More pterosaur gossip

I fully support Chris Bennett's comments on the Toulouse pterosaur 
meeting (glad to see you made it home OK, Chris) and would also like to 
thank Silvio Renesto for his reports on the meeting. The idea that 
pterosaur workers never agree about anything ever is a bit of myth 
(though useful when seeking funding or trying to get a paper published) 
and the truth is that a consensus is being reached in some important 
areas such as terrestrial locomotion, i.e. they were quadrupedal 
plantigrades with an effective gait (e.g. Unwin TREE 14(7), 263-268 
(*ssp)). 

The recognition of pteraichnid tracks as those of pterosaurs has been a 
fantastic help in understanding these bizarre animals and the Crayssac 
site is surely the most important pterosaur ichnolocality in the world 
(certainly for me it was the highlight of the meeting).

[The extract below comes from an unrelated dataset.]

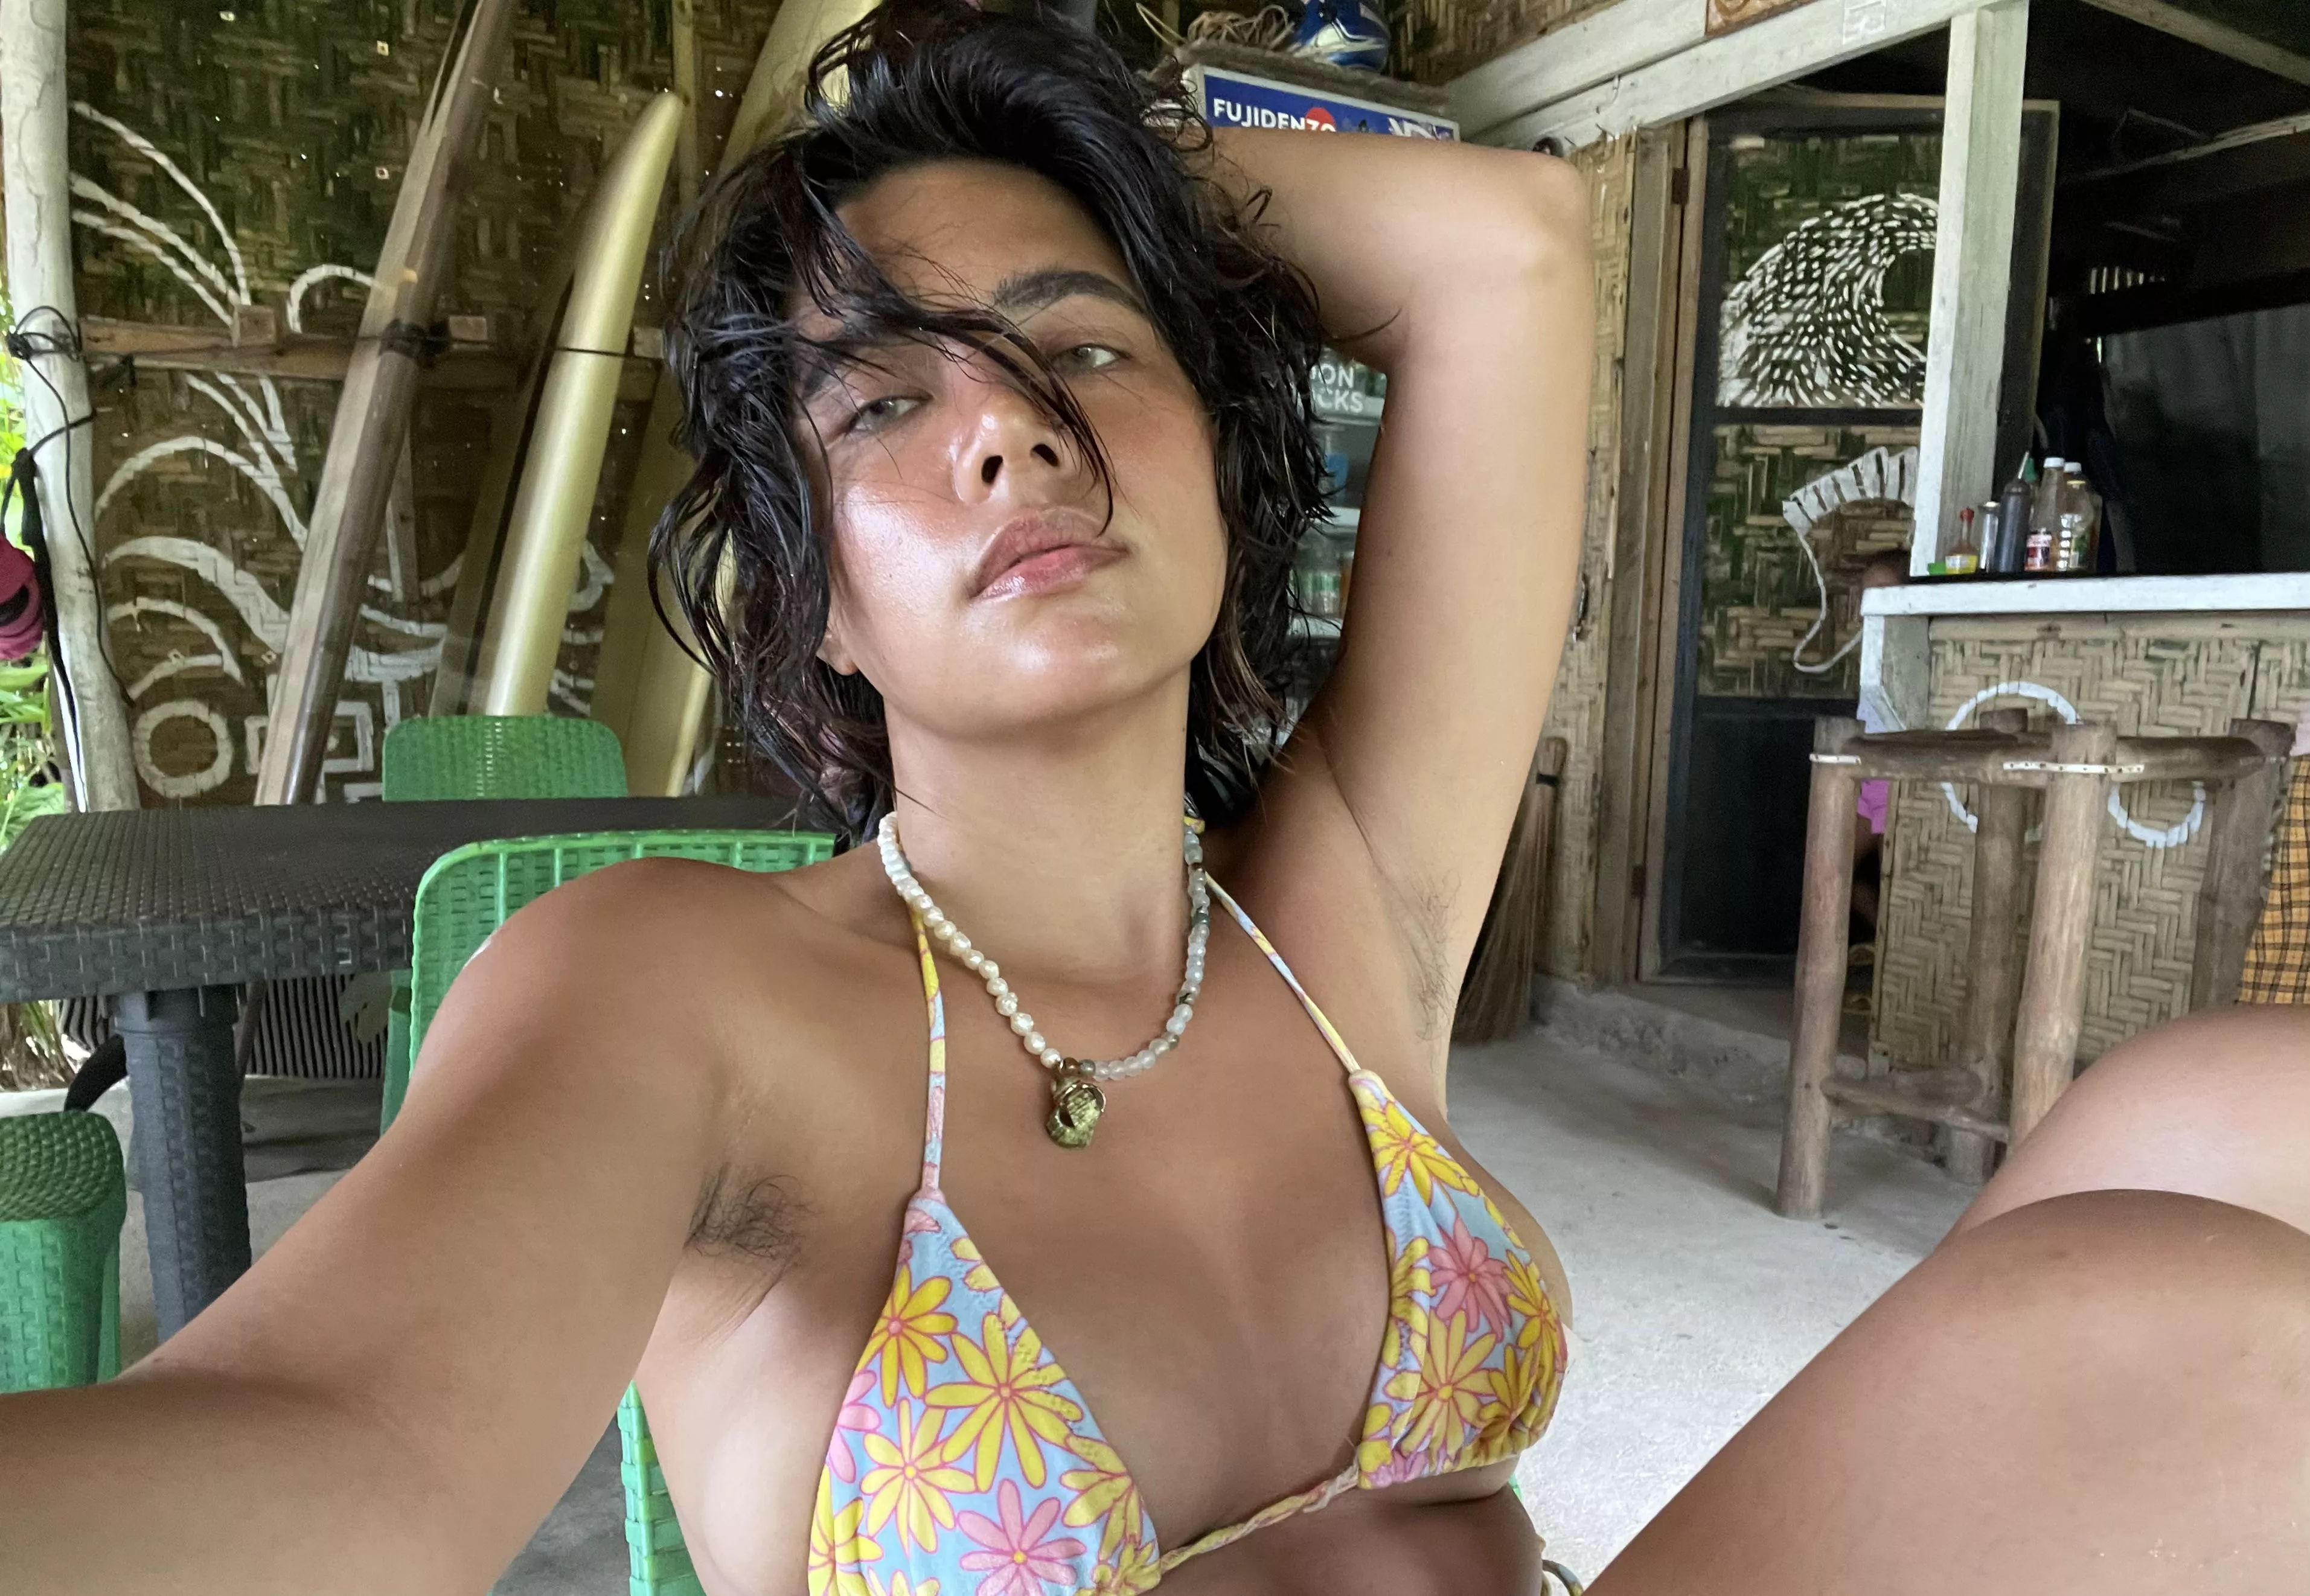 Pinoy Porn German - Filipino x german nudes in MixedRaceGirls | Onlynudes.org

I understand from 
Padian's presentation at the meeting that he accepts that the Crayssac 
tracks are pterosaurian, but continues to argue that all other 
pteraichnid tracks were made by crocodiles, as he and Olsen first 
proposed in 1984. The problem is that the Crayssac tracks look just like 
all the other pteraichnid tracks (now reported from 30 or so Jurassic and 
Cretaceous sites from all round the world), and share a suite of unique 
features in common with them - even down to the phalangeal formulae which 
are clearly visible in some of the prints we examined at Crayssac as well 
as at other sites in Spain and North America. How then can the Crayssac 
tracks have been made by pterosaurs and all the other tracks by 
crocodiles? Is this some sinister plot by crocodiles to delude 
pterosaurologists? Obviously not. Padian's splitting of pteraichnid 
tracks into two groups is untenable and merely obfuscates the real issue 
- who made pteraichnid tracks? Except that this issue is now pretty much 
resolved - it was pterosaurs what done it - and about the only piece of 
evidence we don't have to support this is a dead pterosaur at the end of 
a trackway - stomped by a short sighted sauropod. 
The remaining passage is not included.